For many years, I have speculated about my age of onset, almost always referencing my mother’s situation. However, as the GeM-HD research now shows, that is not very helpful because of the great variation in age of onset.

Thus, as I’ve watched the research progress, I have wondered: could one or more modifier genes inherited from my parents have acted to delay my HD onset well beyond my mother’s?

I’ve also thought about somatic expansion: perhaps my mother’s 40 CAG repeats expanded to a much higher number more quickly than mine. Perhaps the other genetic factors outlined by Dr. Gusella have had an impact.

For now, at least, I can’t be tested for the modifier genes or these other factors. As Dr. Gusella indicated, even if I could, it’s not clear how predictive they would be, nor how helpful such knowledge would be.
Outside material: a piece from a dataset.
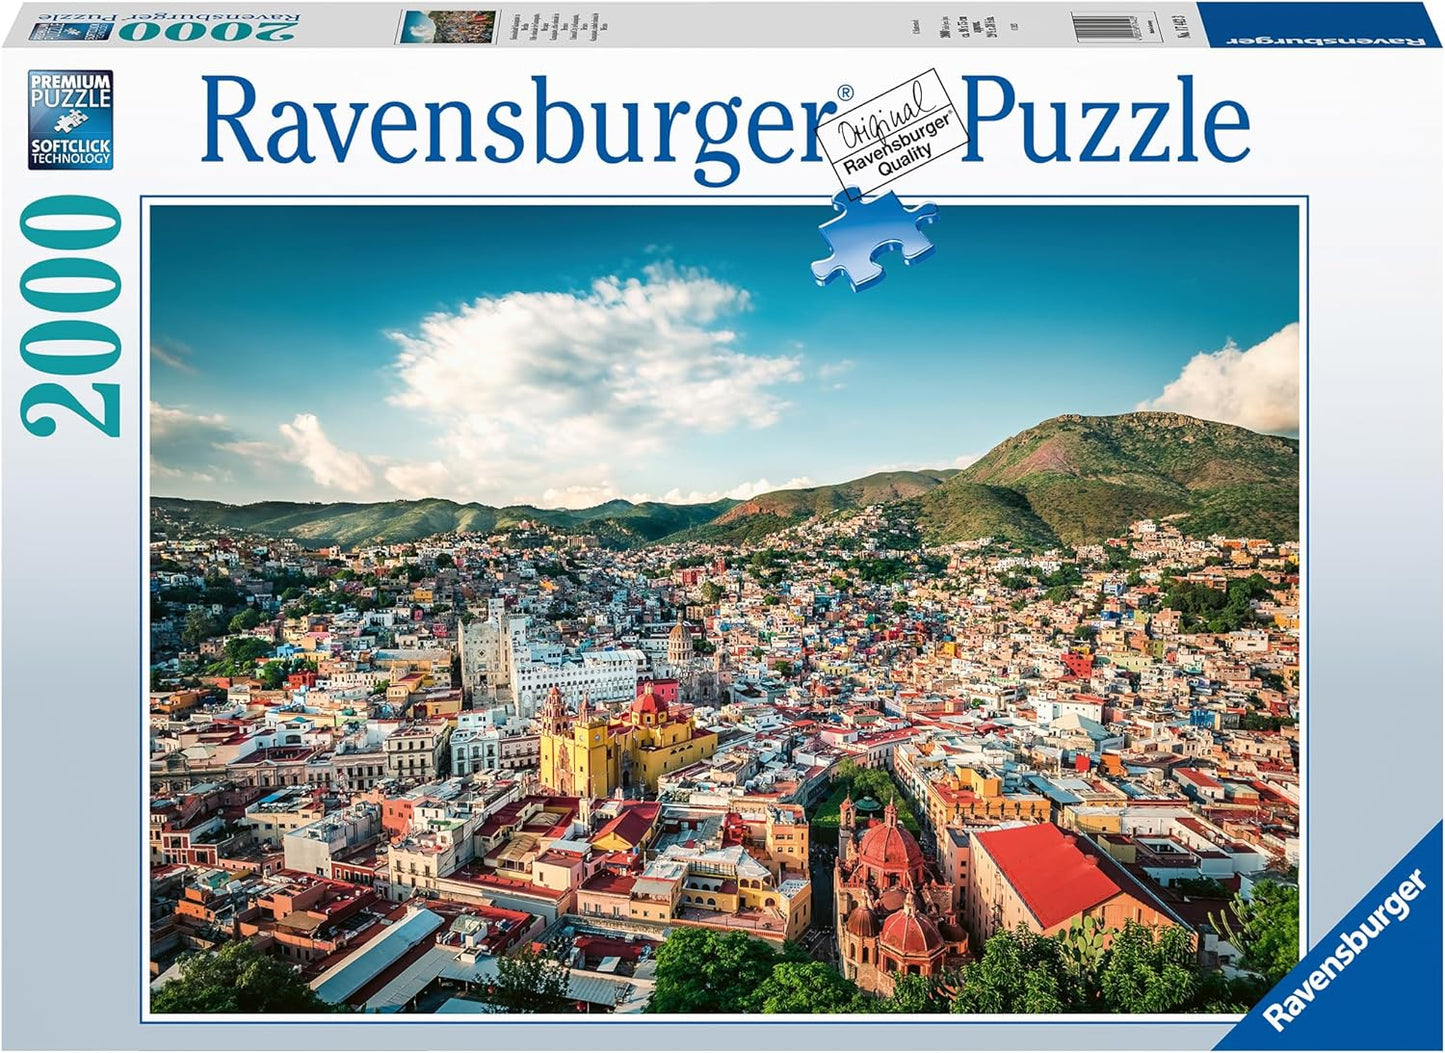 Ravensburger - Mexico Guanajato - 2000 Piece Jigsaw Puzzle

From 1995 to 2000, my family went through three CAG tests: my mother’s, mine, and our daughter’s. Luckily, our daughter tested negative in the womb, but my wife and I waited for three agonizing months to learn her status.

After those difficult experiences, would I really want to go through more tests? If I could know my genetics to a more precise level, including moment of onset and how the disease would develop, would I really want such information?

Because of the lack of an effective treatment, most at-risk untested individuals decline testing for the CAG count. As Gene Veritas – the person who wanted to know the “truth in his genes” – I’m an outlier.

However, I cannot predict my feelings about further genetic testing until actually facing that possibility. I would only know at the moment they became available.

HD in the vanguard, but still highly complex

A decision to get tested again and my feelings about it would also depend on the availability of effective treatments. With the potential success of the Roche drug and others, doctors and HD clinics are preparing for the likely boom in testing for the CAG mutation, as people seek to learn their status before taking a drug.

As Dr. Gusella pointed out, HD stands in the vanguard of the attempt to apply protein-lowering and other cutting-edge techniques because, unlike the other major neurological disorders, it is monogenetic: it has a single genetic cause.

The critical GeM-HD discoveries could perhaps bolster the effectiveness of these other approaches or even result in unique medicines.

However, the new genetic research also underscores another reality of HD. Despite its monogenetic status, it is complex and features subtle genetic nuances. Huge challenges remain in developing treatments.

For HD-impacted individuals and their families, in the near term much will remain a mystery.